_Prompt:_ Beginning with the line containing "Professor Ndichu talks" and going on through the line containing "Harry Potter Forbidden", the lines below are to be returned exactly, pictures excluded and nothing added.

_Data provided:_
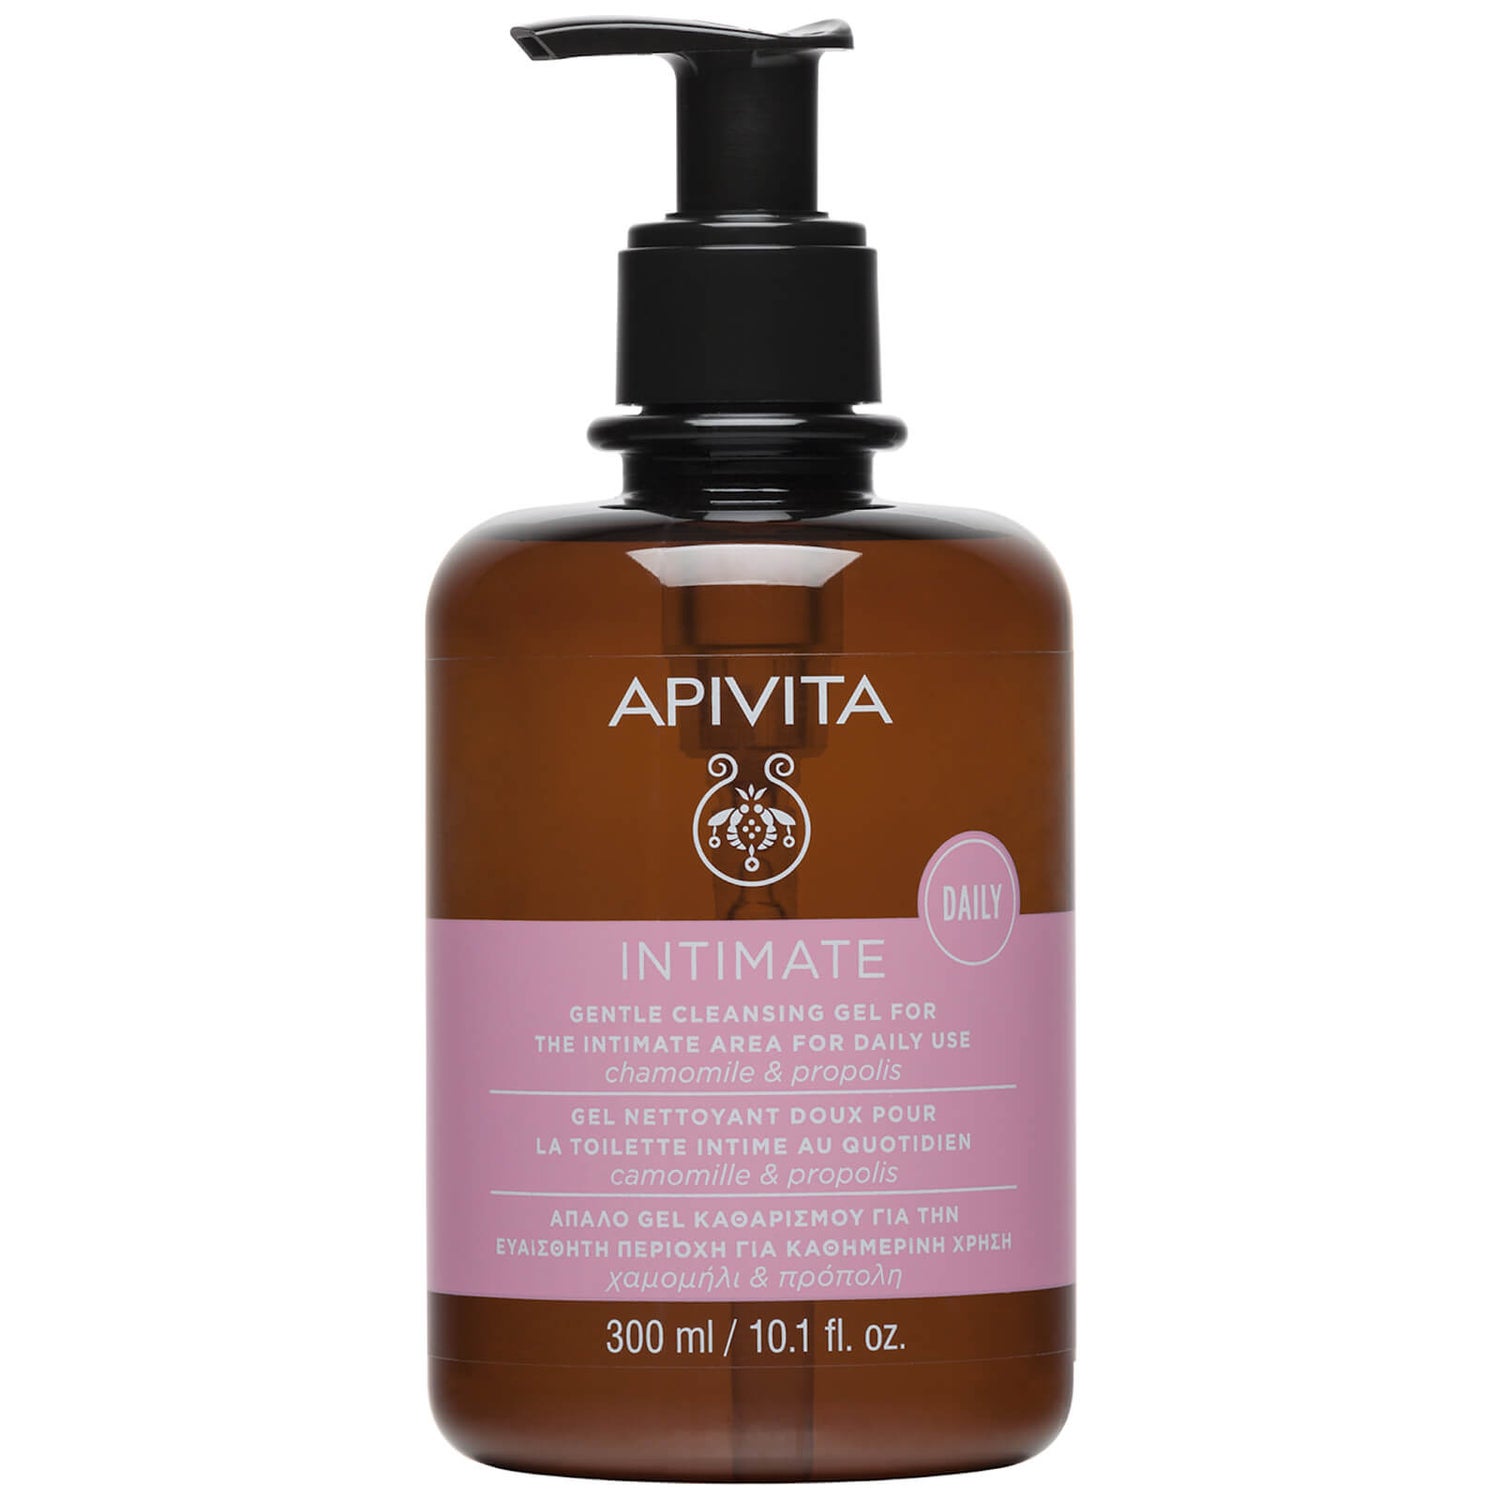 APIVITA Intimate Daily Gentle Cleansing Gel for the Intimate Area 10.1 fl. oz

* * *

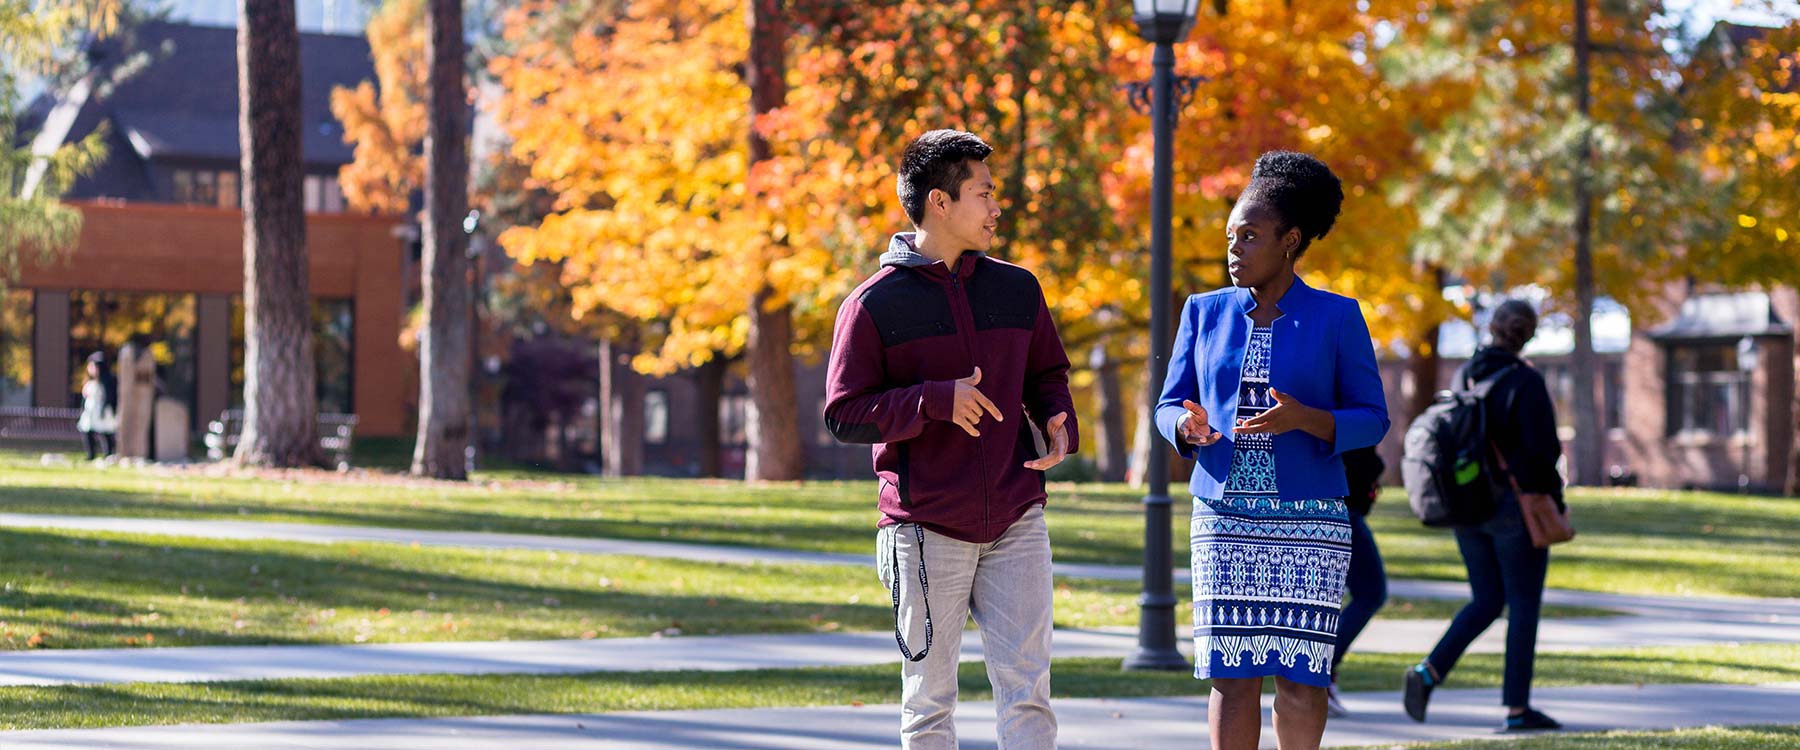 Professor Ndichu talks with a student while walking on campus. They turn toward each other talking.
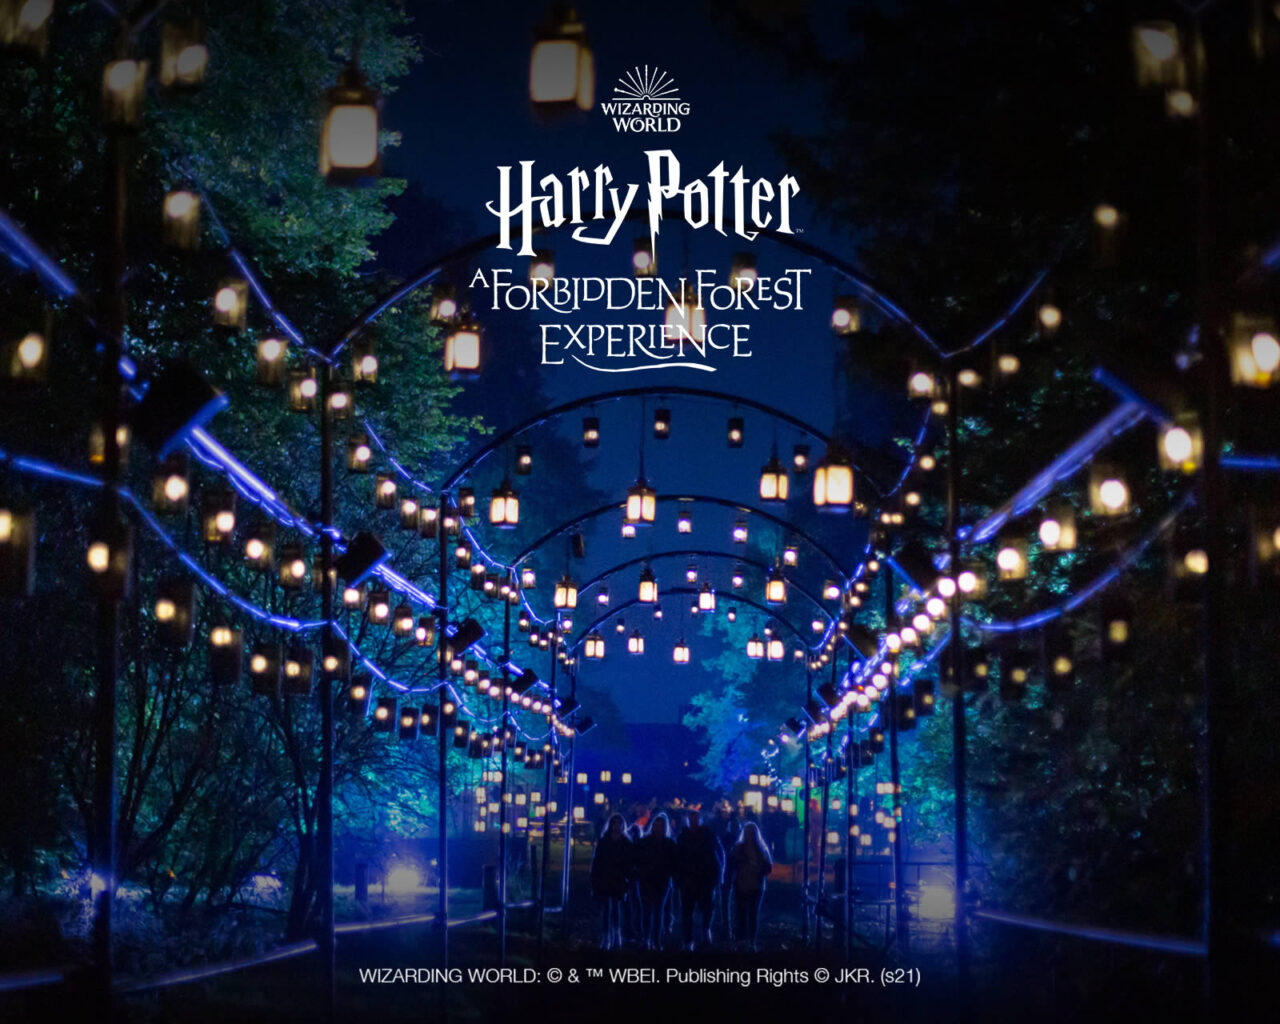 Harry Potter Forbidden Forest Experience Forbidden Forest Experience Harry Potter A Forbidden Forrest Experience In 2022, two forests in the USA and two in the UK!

---

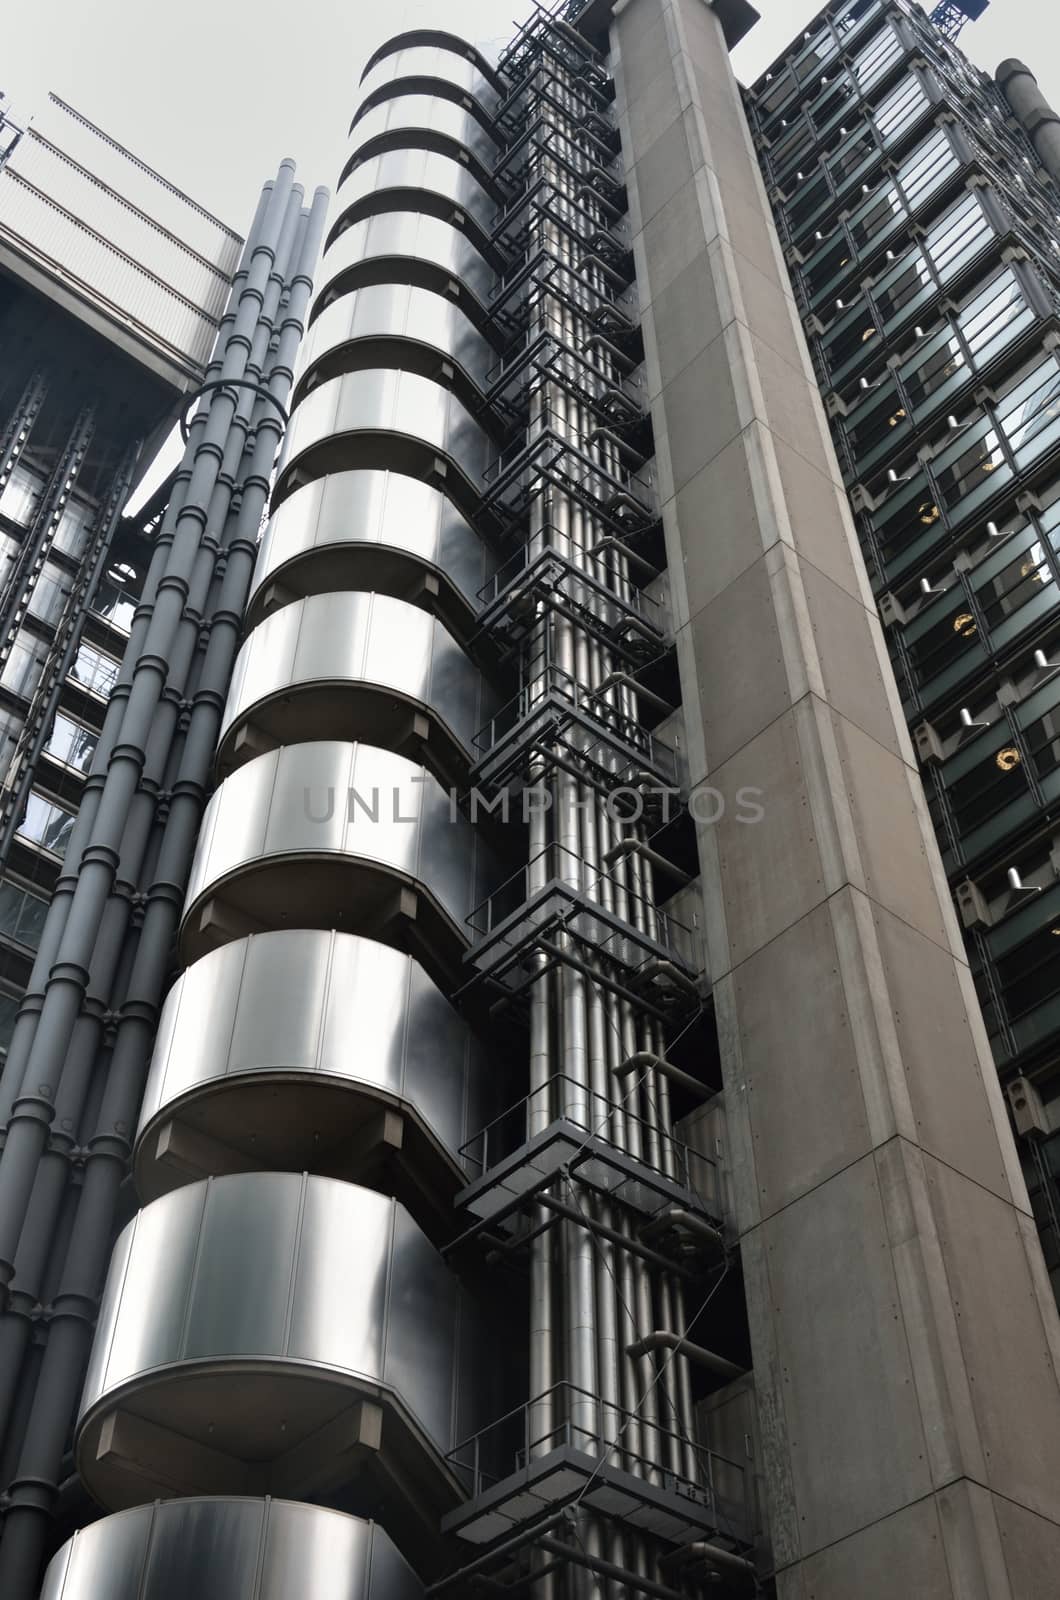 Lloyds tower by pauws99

_Exercise answer:_
 Professor Ndichu talks with a student while walking on campus. They turn toward each other talking.
 Harry Potter Forbidden Forest Experience Forbidden Forest Experience Harry Potter A Forbidden Forrest Experience In 2022, two forests in the USA and two in the UK!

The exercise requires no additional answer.